Reforma pieniężna lat 90. Czy była potrzebna?
W 1994 roku jajko kosztowało 2,2 tysiąca złotych, chleb 7,4 tysiąca, od 1 stycznia 1995 roku ceny liczono nie w tysiącach złotych, lecz w groszach. Jak tę zmianę zapamiętali Polacy? Czy wymiana pieniądza była potrzebna? Czego obawiała się władza? W 30 rocznicę wprowadzenia w życie reformy pieniężnej pytamy Polaków i ekspertkę.
Odchodzenie od gospodarki centralnie sterowanej, uwolnienie cen żywności w 1989 roku i przemiany gospodarcze początku lat 90 doprowadziły to inflacji tak wielkiej, że za jajko trzeba było zapłacić 2,2 tysiąca złotych. Podawane w literaturze ceny obowiązujące tuż przed wprowadzeniem nowych pieniędzy, dla tych którzy nie pamiętają lat 90, mogą być szokujące.
Kilogramowy chleb kosztował w 1994 roku 7,4 tysiąca złotych, kilogram mięsa - 66 tysięcy, polędwica sopocka (kilogram) 165 tysięcy, cukier - 11 tysięcy złotych. Zaś za sprzęty AGD i RTV płacono w milionach — cena pralki kształtowała się wówczas na poziomie 8 milionów, a za kolorowy telewizor należało zapłacić 10 milionów złotych. Jeśli dodamy do tego wysokość przeciętnego wynagrodzenia, które jak podaje ZUS, wynosiło w zaokrągleniu 5 milionów złotych, nietrudno się domyślić, że dla przeciętnego polskiego gospodarstwa domowego pralka czy telewizor był wówczas niemal towarem luksusowym, na który oszczędzano miesiącami, jeśli nie latami.

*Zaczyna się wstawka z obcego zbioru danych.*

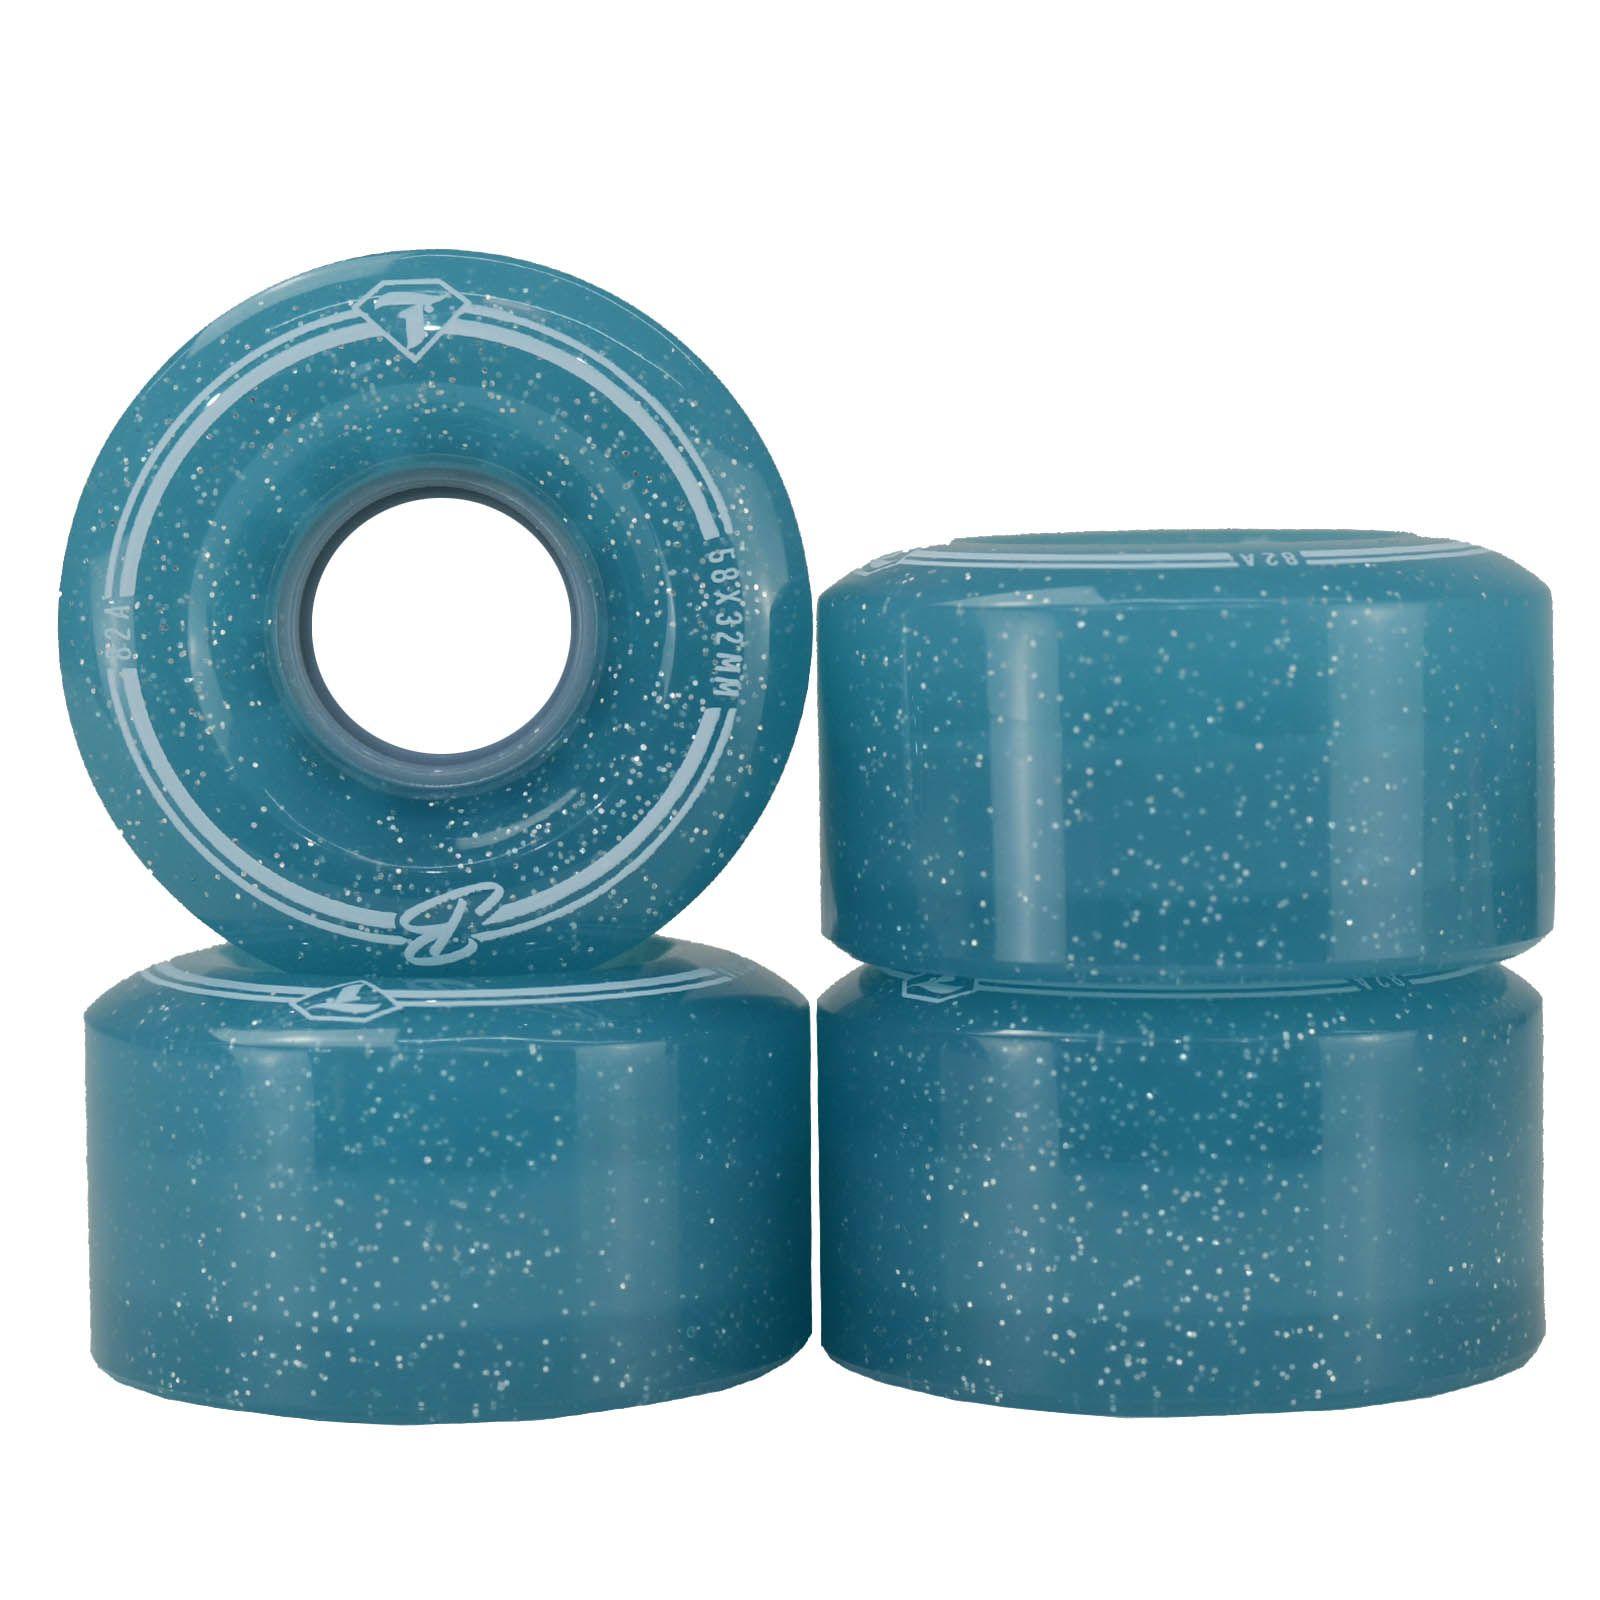 Jogo de Rodas Traxart Quad Brilliant 58x32mm/82A - Azul

W takiej sytuacji, gdy rząd odcina od wypłaty cztery zera, obywatel może mieć wrażenie, że z milionera stał się biedakiem, a to może rodzić opór społeczny — czy rzeczywiście tak było?
Pierwsze pytanie, jakie nasuwa się w kontekście denominacji w 1995 roku, to czy była ona potrzebna. Wszak nie wszystkie państwa postkomunistyczne zdecydowały się na ten krok — nie doszło do niej na przykład na Węgrzech.
"To kwestia skali. W Polsce sytuacja była dużo gorsza niż na Węgrzech" - mówi historyczka i ekonomistka z Uniwersytetu Warszawskiego dr hab. Cecylia Leszczyńska. W rozmowie z Interią zwraca uwagę na argumenty za zmianą systemu pieniężnego, które podczas sejmowych przemówień w 1994 roku padały z ust wiceprezesa Narodowego Banku Polskiego Witolda Kozińskiego i Hanny Gronkiewicz-Waltz pełniącej wówczas funkcję prezesa NBP. Wskazywali oni na gigantyczne koszty druku dotychczasowych banknotów.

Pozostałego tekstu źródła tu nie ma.